The main clinical trials demonstrating the benefit of Natalizumab for the treatment of MS are AFFIRM and SENTINEL. AFFIRM compared Natalizumab to placebo, demonstrating an approximate 68% reduction in AAR, in addition to an 83% and 92% reduction in T2 lesions and CEL, respectively[51]. SENTINEL compared natalizumab plus IFNβ-1a versus IFNβ-1a alone.

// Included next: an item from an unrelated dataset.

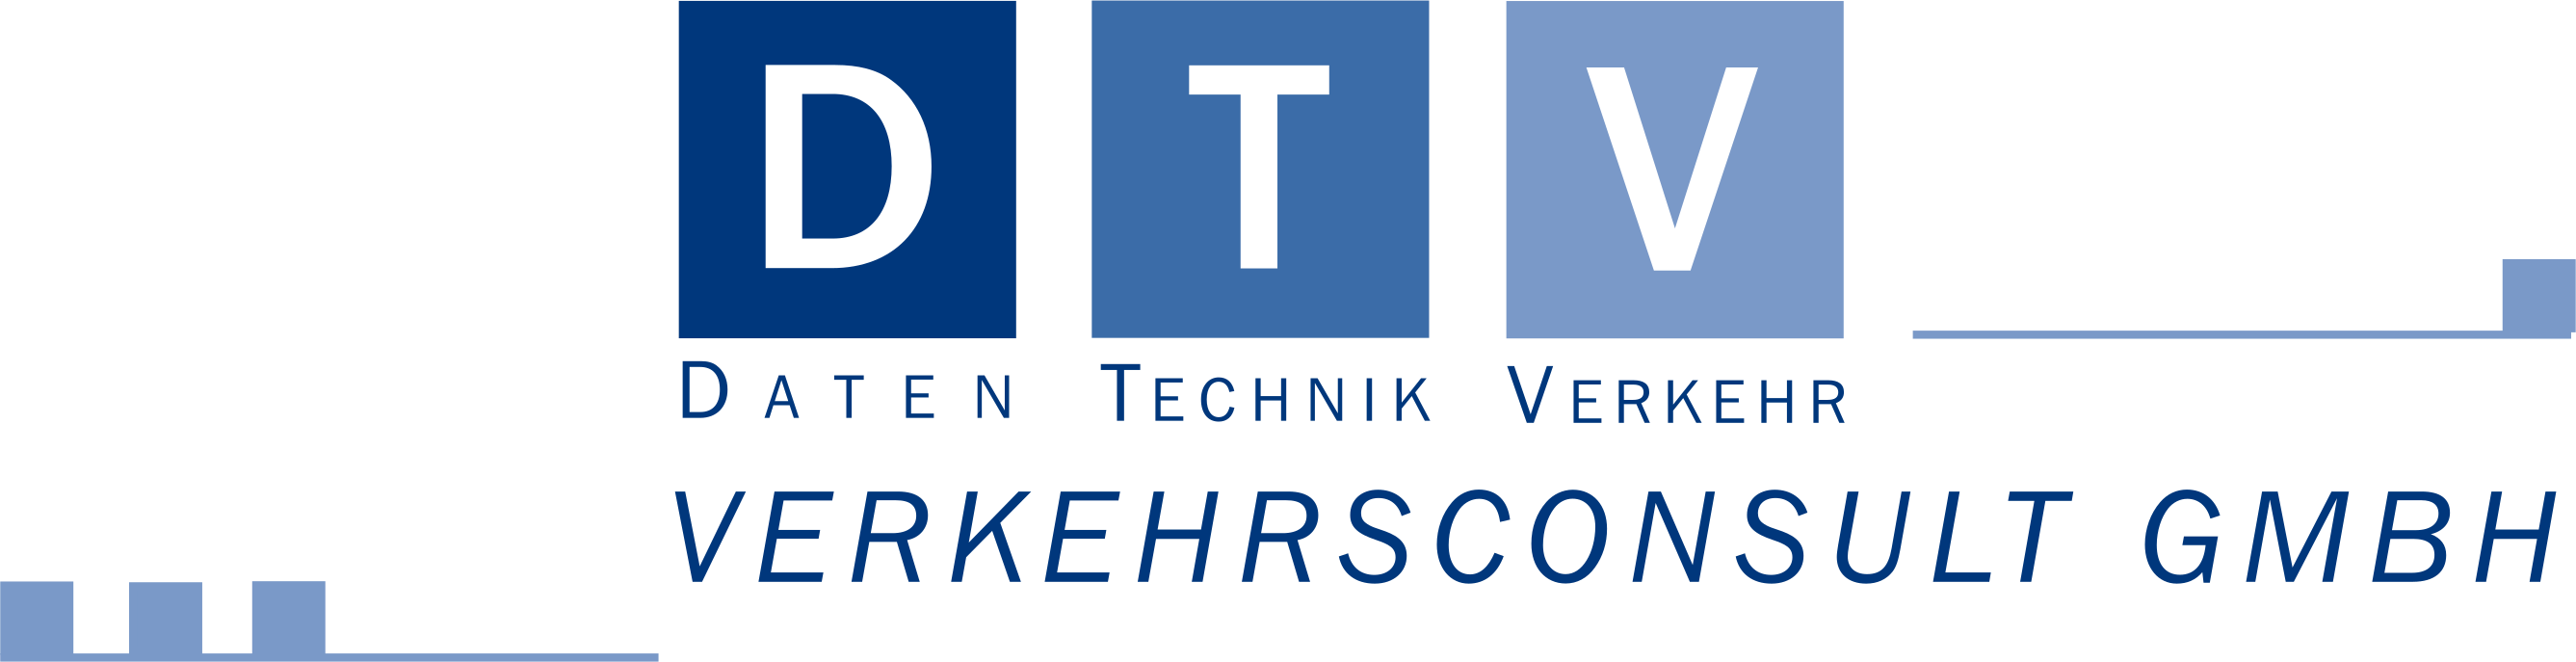 Logo DTV-Verkehrsconsult GmbH

It showed a reduction of about 54% in the annualized relapse rate, in addition to an 83% and 89% reduction in T2 lesions and contrast- enhancement, respectively[52].

Natalizumab should be administered in an infusion center, every 28 days, within an hour, at a dose of 300mg, intravenously, with treatment options for allergic reactions easily available[51].

Most adverse reactions are mild and usually related to the infusion. Most common are fatigue, mild allergic reactions, headache, pruritus, urinary tract and upper airway infection[51],[52]. The most serious complication of the disease is related to an increased risk of developing (PML). The first reports appeared in the SENTINEL study, with two events during the follow-up of the study[52]. After these, several other cases were reported throughout the world. The main related risk factors are: time of exposure to Natalizumab, JCV antibody status and previous use of immunosuppressants. Monitoring risk factors for PML reduced the incidence of infection over the years[53].

Before starting Natalizumab, it is suggested to perform the anti-JCV test and a baseline brain resonance within a maximum of three months before initiation. Monitoring should be performed with an anti-JCV test regularly, usually each six months and brain MRI every sixto 12 months[54].

Natalizumab is indicated for patients with highly active MS, especially with negative anti-JCV. Due to severe relapse, high lesion burden and negative anti-JCV, Natalizumab was started for that patient.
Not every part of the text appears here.